# YOUR OBJECTIVE
Extract only the first line of the listing and every line after it up to and including the one with "Natural: An east-west". Omit the pictures.

# INFORMATION SUPPLIED
------------------------------

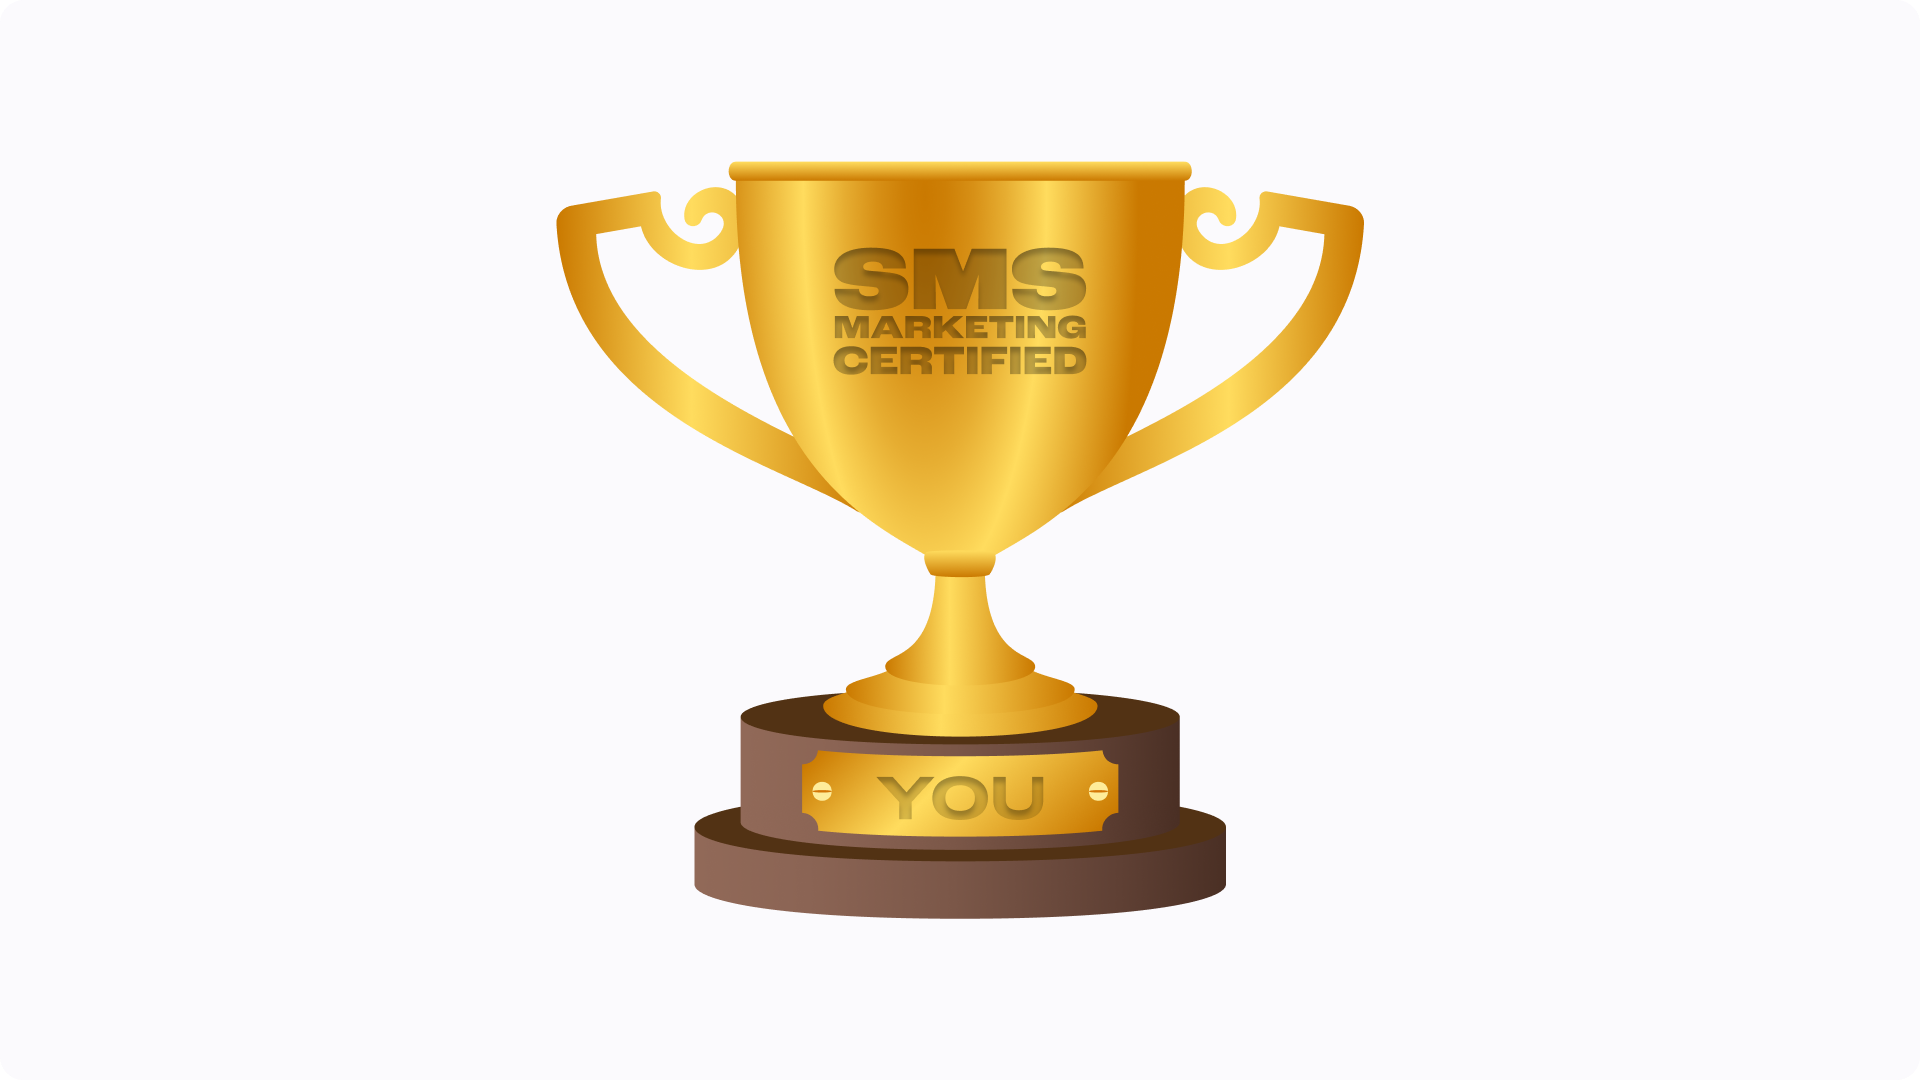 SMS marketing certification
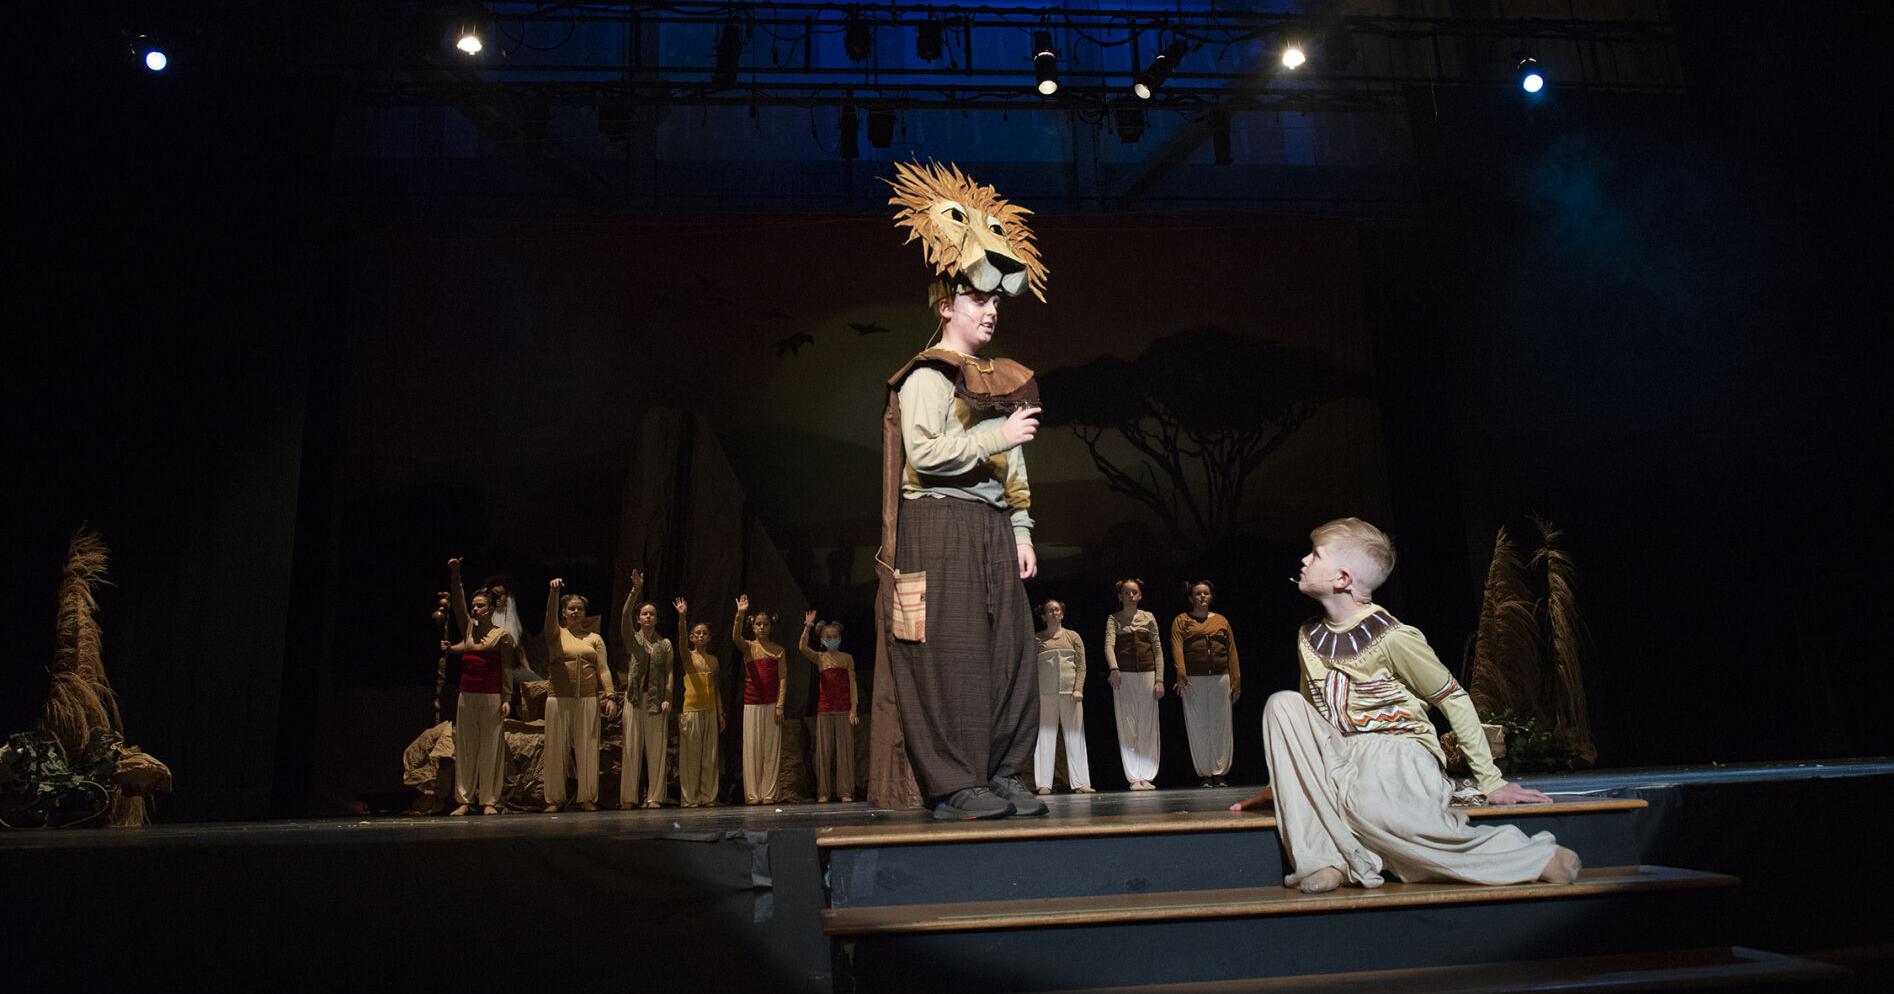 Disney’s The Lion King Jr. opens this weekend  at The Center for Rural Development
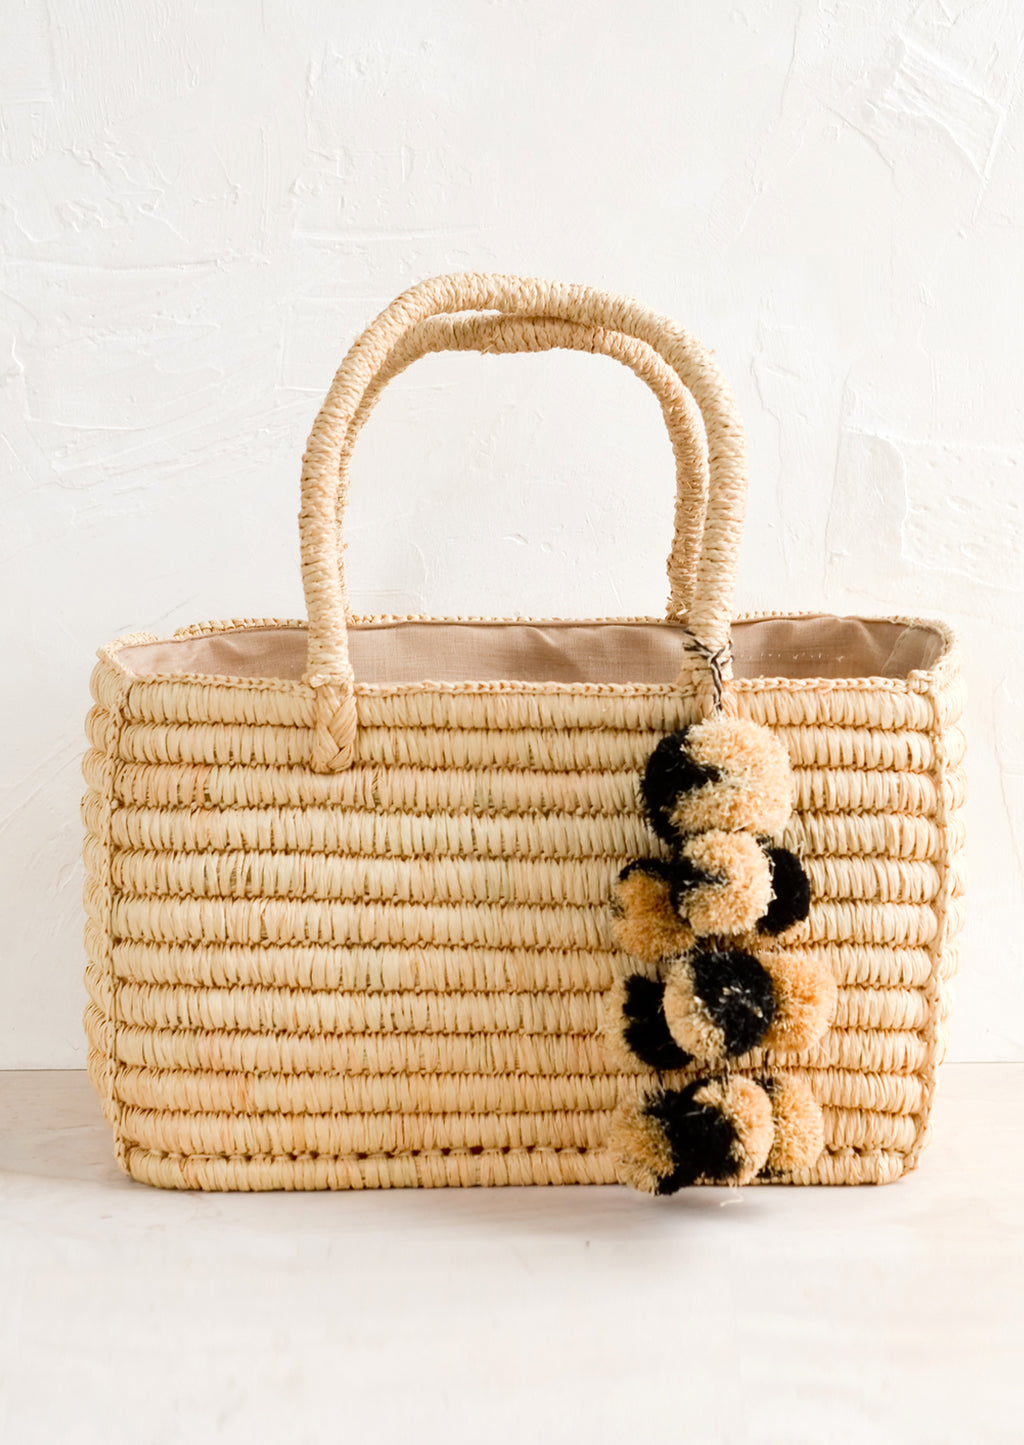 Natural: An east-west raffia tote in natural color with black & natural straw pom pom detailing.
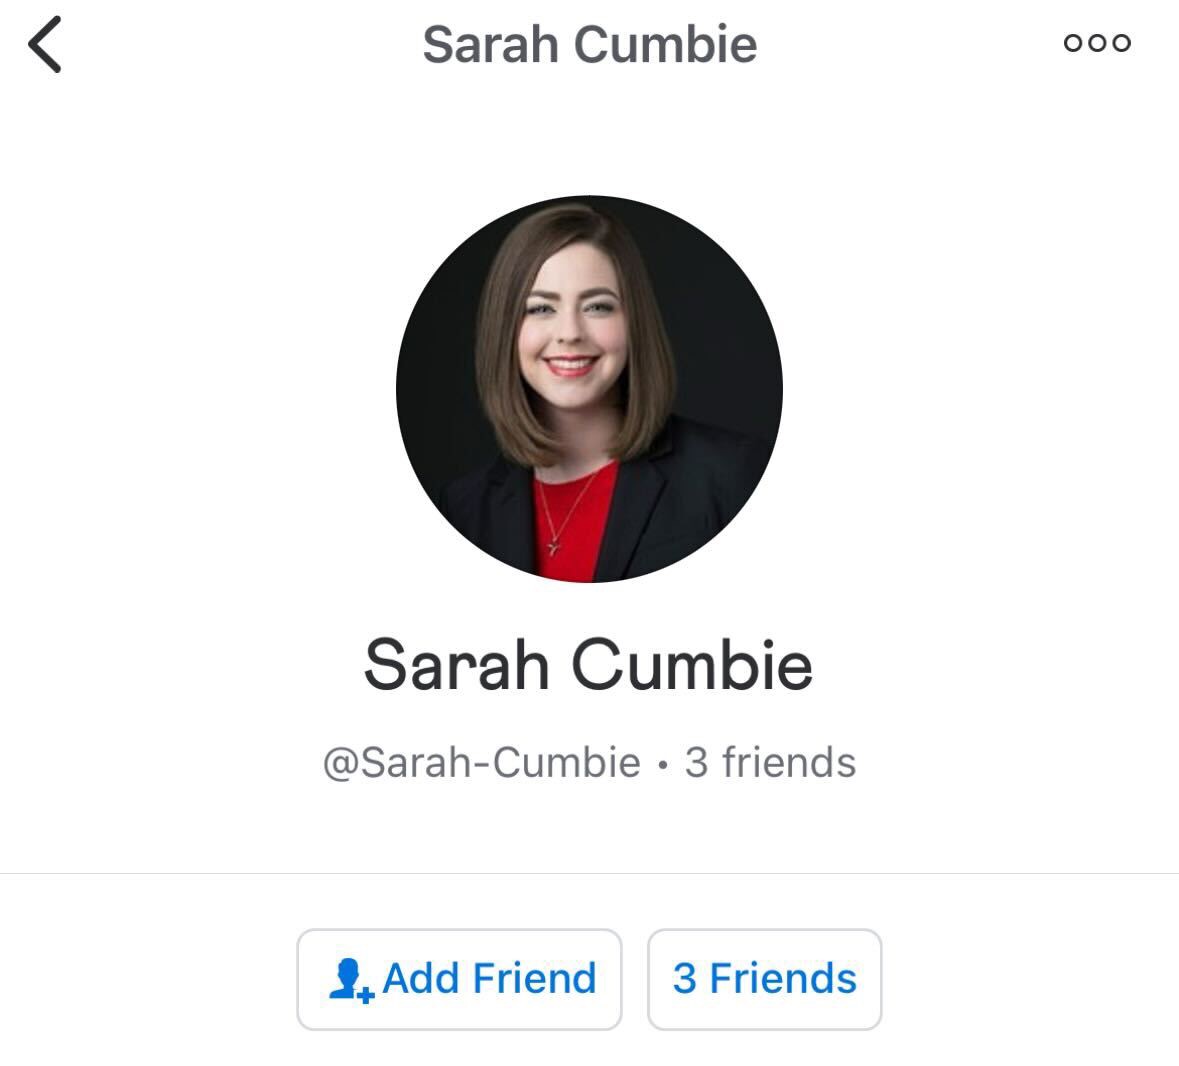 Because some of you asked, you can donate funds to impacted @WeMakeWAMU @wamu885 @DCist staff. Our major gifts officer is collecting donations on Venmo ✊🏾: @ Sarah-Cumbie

------------------------------

# ANSWER FOR THIS EXERCISE
 SMS marketing certification
 Disney’s The Lion King Jr. opens this weekend  at The Center for Rural Development
 Natural: An east-west raffia tote in natural color with black & natural straw pom pom detailing.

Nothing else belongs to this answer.